Having played this same hand myself a few minutes before, I knew that success or failure for Jacoby and Burnstine depended entirely on the latter’s opening lead. And the tournament score was such that the outcome of this hand would determine the championship.

When the experts play bridge, the cards themselves represent only  about fifty percent of any hand’s value. The other fifty percent Is psychology. In this tight spot, Burnstine made full use of his knowledge of his opponents” weaknesses.
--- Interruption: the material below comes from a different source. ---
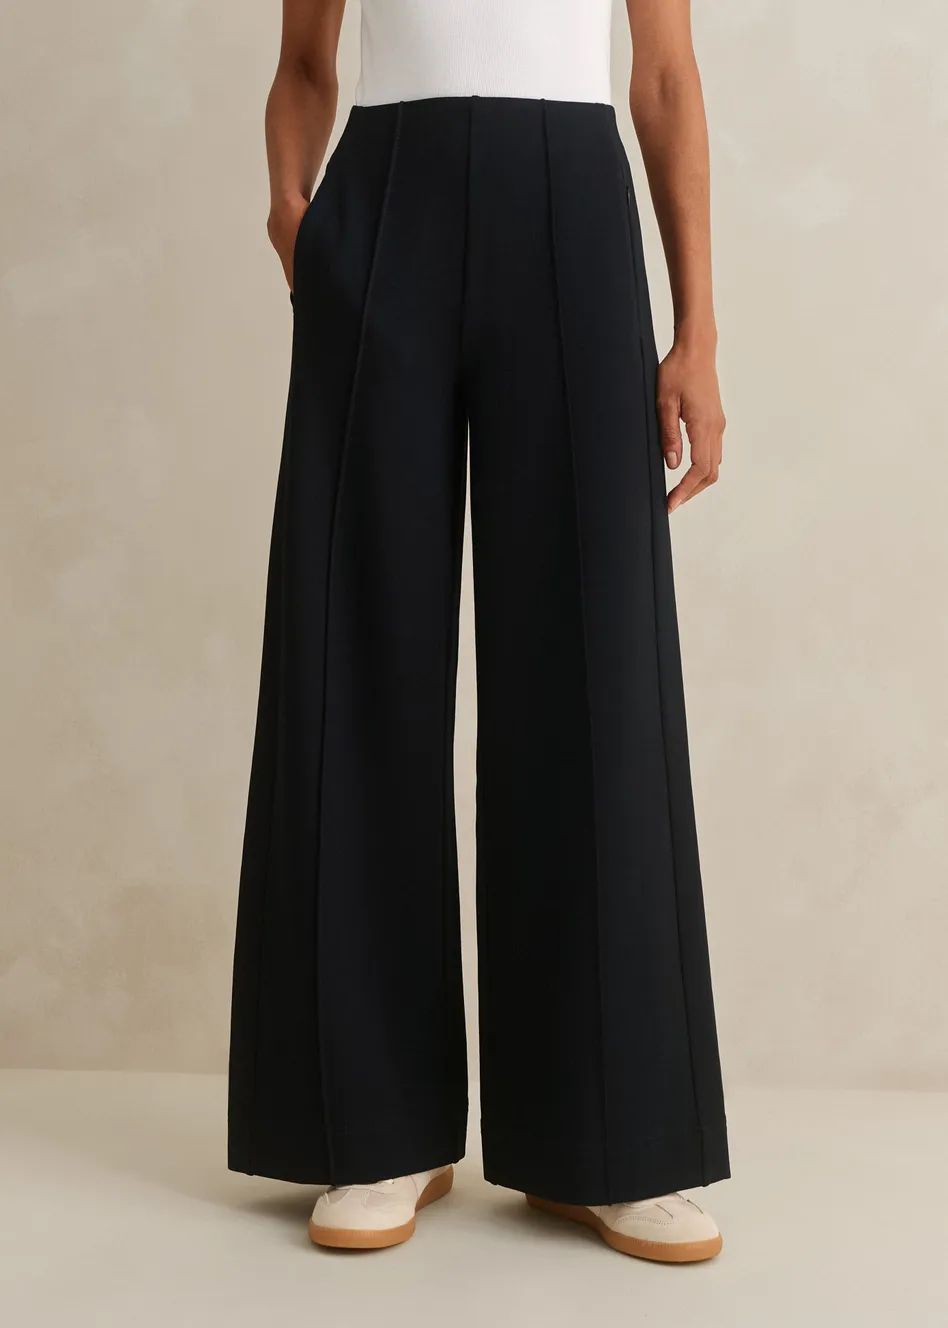 Short Length Travel Tailoring Palazzo | ME+EM Global (Excluding US)

He knew that  Lightner and Culbertson are among the most nervous players in bridge. Ely, especially, hates to have to wait. When, as in this case, he is going to be dummy, he fidgets and frets until the opening lead is made. Then he flings down his hand, without even bothering to separate the suits, and races away from the table. He can’t stand the suspense of watching the hand played,

Realizing that the championship might well depend on his opening lead, Burnstine decided to take his time. Very deliberately he reached into his pocket and pulled out a piece of chewing gum. He carefully unwrapped it, put it slowly into his mouth and gave a tentative chew.

By this time Ted Lightner was actually squirming in his seat. Ely was beside himself with impatience. But still Burnstine couldn’t decide what to lead. And, in any event, he couldn’t lead until he had disposed of the chewing-gum wrapper. So he threw it down on the table.

Like a flash Culbertson threw down his dummy hand. An instant later he realized his error and hastily scooped up the cards. It was too late.

Capitalizing on his unexpected look at the dummy, Burnstine made the lead which set the hand.